THE SPANISH Socialist Party (PSOE), which has governed Spain for more than 13 years, has lost yesterday's general election.
President Felipe Gonzalez, who has presided over four governments in that period, conceded defeat last night, and King Juan Carlos will ask Mr Jose Maria Aznar, leader of the right wing Partido Popular (PP), to form a government.
However, the PSOE vote has held up better than expected, and the PP has fallen far short of the absolute majority it had campaigned for. Mr Aznar will have considerable difficulty in finding sufficient support to govern from a minority position.
With 97 per cent of the vote counted, the PSOE had 140 seats, 19 less than it held in the last parliament. The PP had climbed from 141 to 157, 17 more than the PSOE. The high (80 per cent plus) participation has clearly favoured the PSOE, which seems to have finally succeeded in bringing out many disenchanted supporters by playing on fears of the PP's origins in Urancoism.

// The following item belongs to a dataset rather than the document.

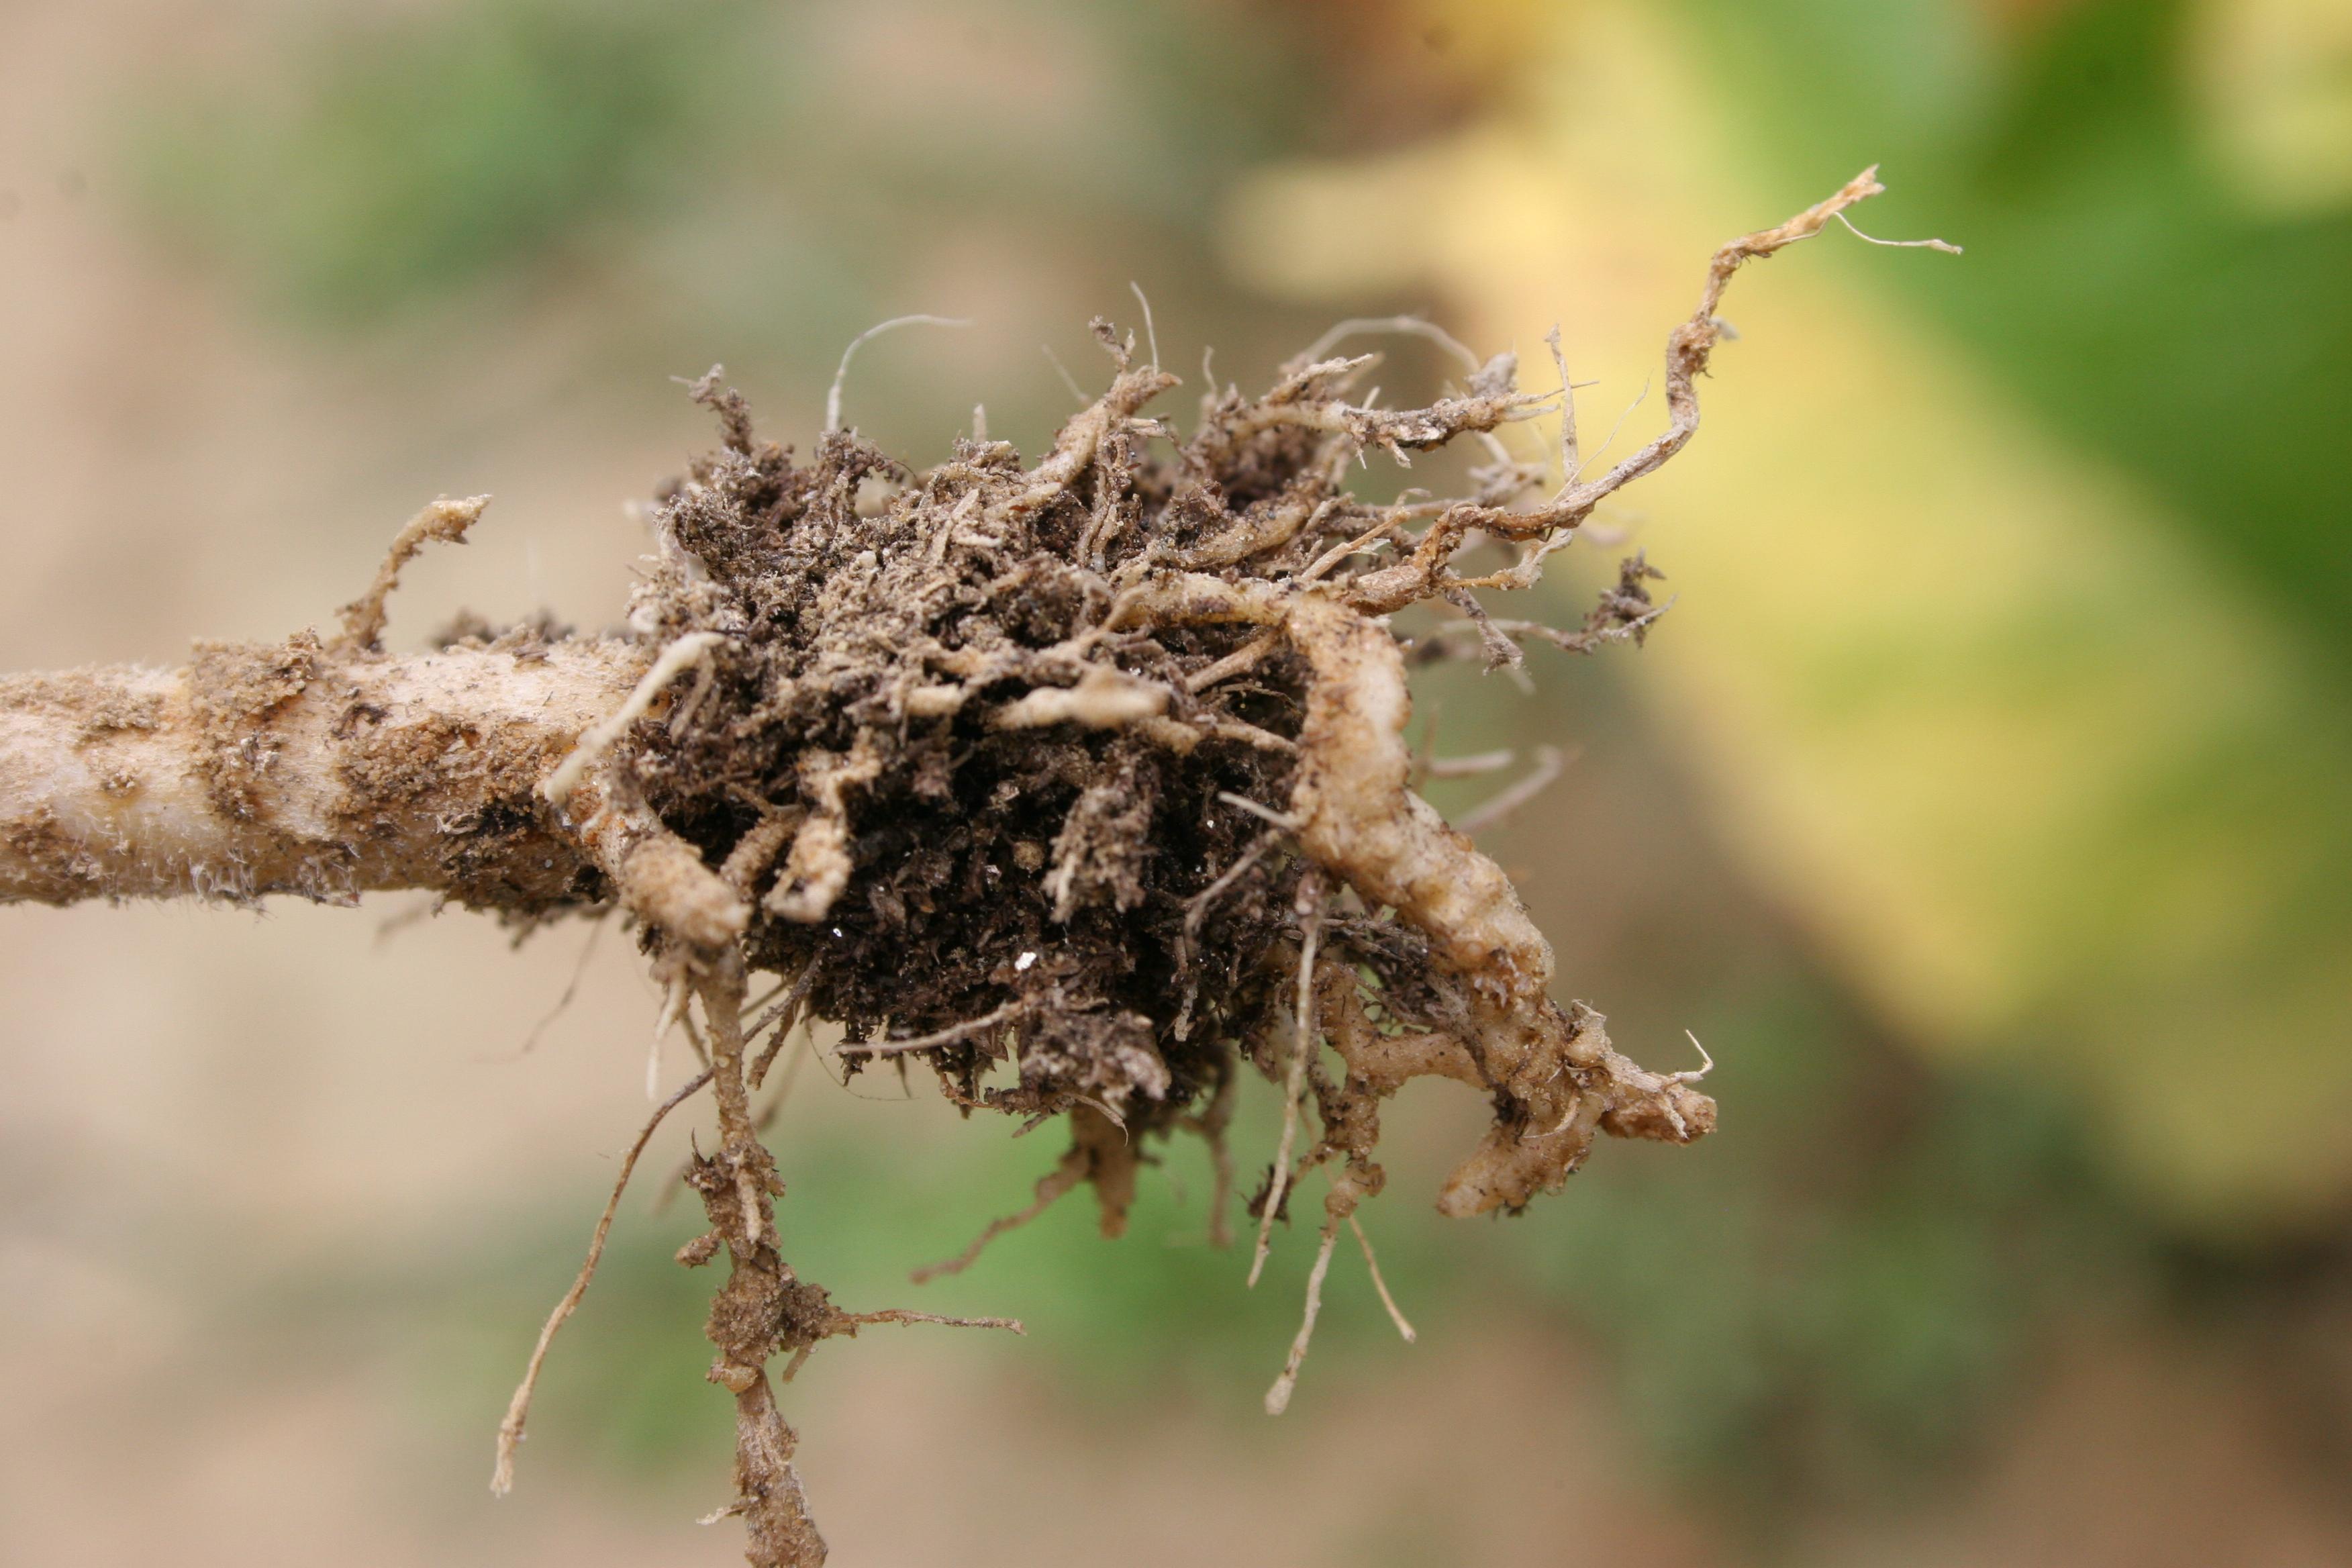 Galls and swellings form on roots infected with root knot nematode.  Roots become dysfunctional, which results in the above ground symptoms of stunting, yellowing, and wilting.  Severely infected plants die.  (Photo: Kenneth Seebold)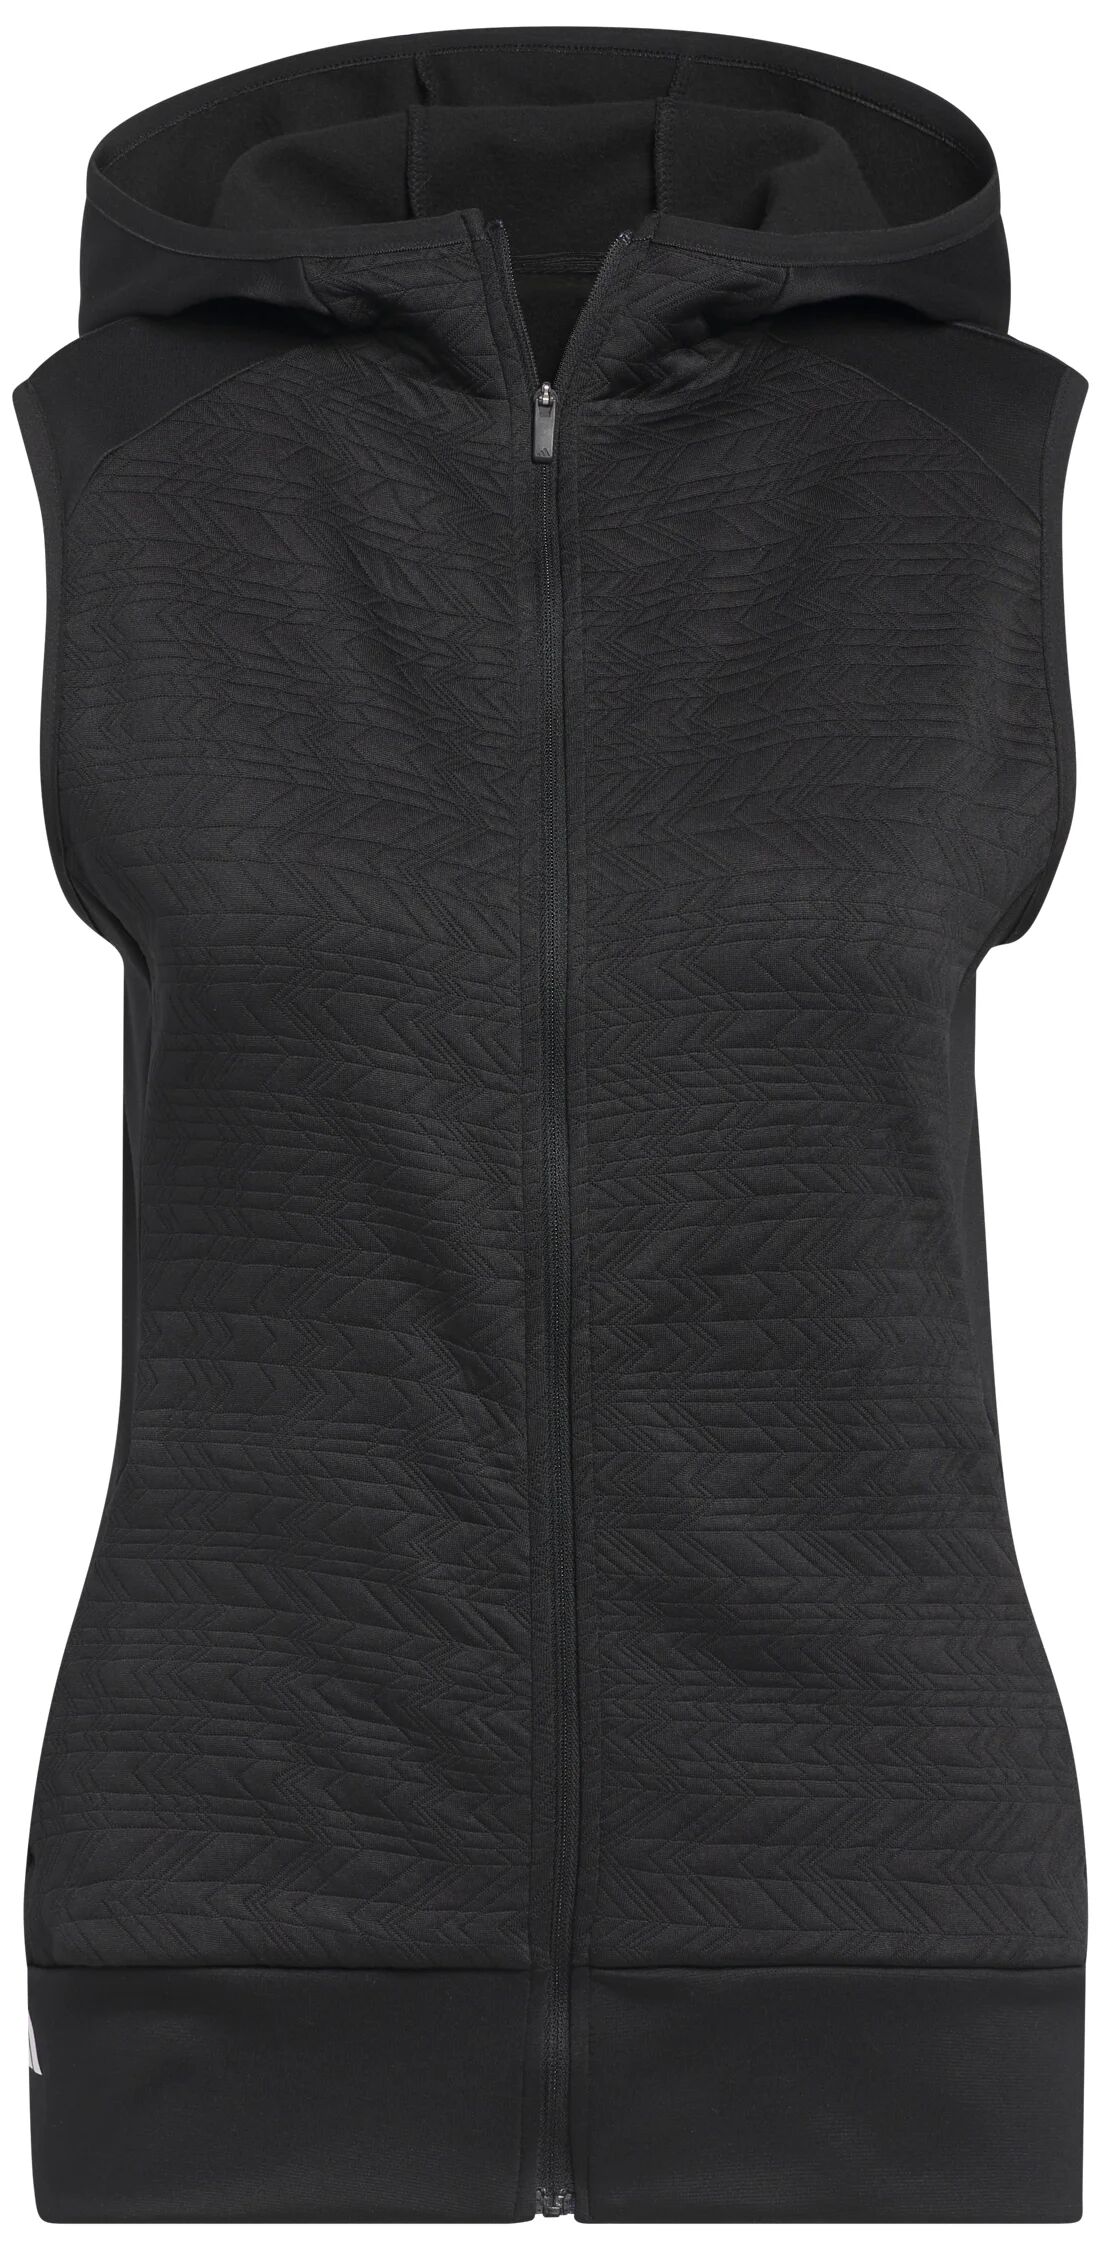 adidas Womens COLD.RDY Full-Zip Golf Vest - Black, Size: Small

The result clearly shocked PP candidates and supporters at the party's Calle Genova in Madrid last night. The exit polls had suggested that the PP could win as many as 174 seats. But exit polls in Spain in recent years have been consistently unreliable.
An absolute majority requires 176 votes. From 157 seats, the PP can only reach this figure through tough negotiations with regional groups including the Basque Nationalist Party (PNV), which has retained its five seats and, more likely, with the Catalan Nationalists (CiU), which has 16 seats.
Both parties have impeccable democratic credentials. Neither will want to be remembered as the group which allowed the "inheritors of Franco", as the PP has been rather unfairly dubbed, to come to power.
If it does form a government, the PP would be the first right wing party to take power democratically from the left since 1934. The PP is historically a centralist party, with an overriding commitment to the "unity of Spain".
It has therefore been hostile to the autonomous powers demanded, and largely won, by the Basques and Catalans since Franco died, though Mr Aznar has been careful to assure voters that he will respect all existing institutions.
The Catalans have been punished less than expected for supporting the last PSOE government, losing only two seats. They have more in common with the PP's liberal economic policies than the social democratic PNV.
Moreover, the Basque moderates could hardly afford to prop up a party loathed by more radical Basques, who support the terrorist and pro independence group Eta.
Eta's political front, Herri Batasuna, has not declined as much as expected, and retains its two seats in the parliament. The PSOE can also take some comfort from a victory in the elections to the autonomous government of Andalucia. Here in their heartland, they have actually increased their seats while the PP declined slightly. The communist led Izquierda Unida has also unexpectedly declined in the Andalucian elections. And it has not made the breakthrough its leader, Mr Julio Anguita, had campaigned for at national level, gaining only three seats on 18 it already held.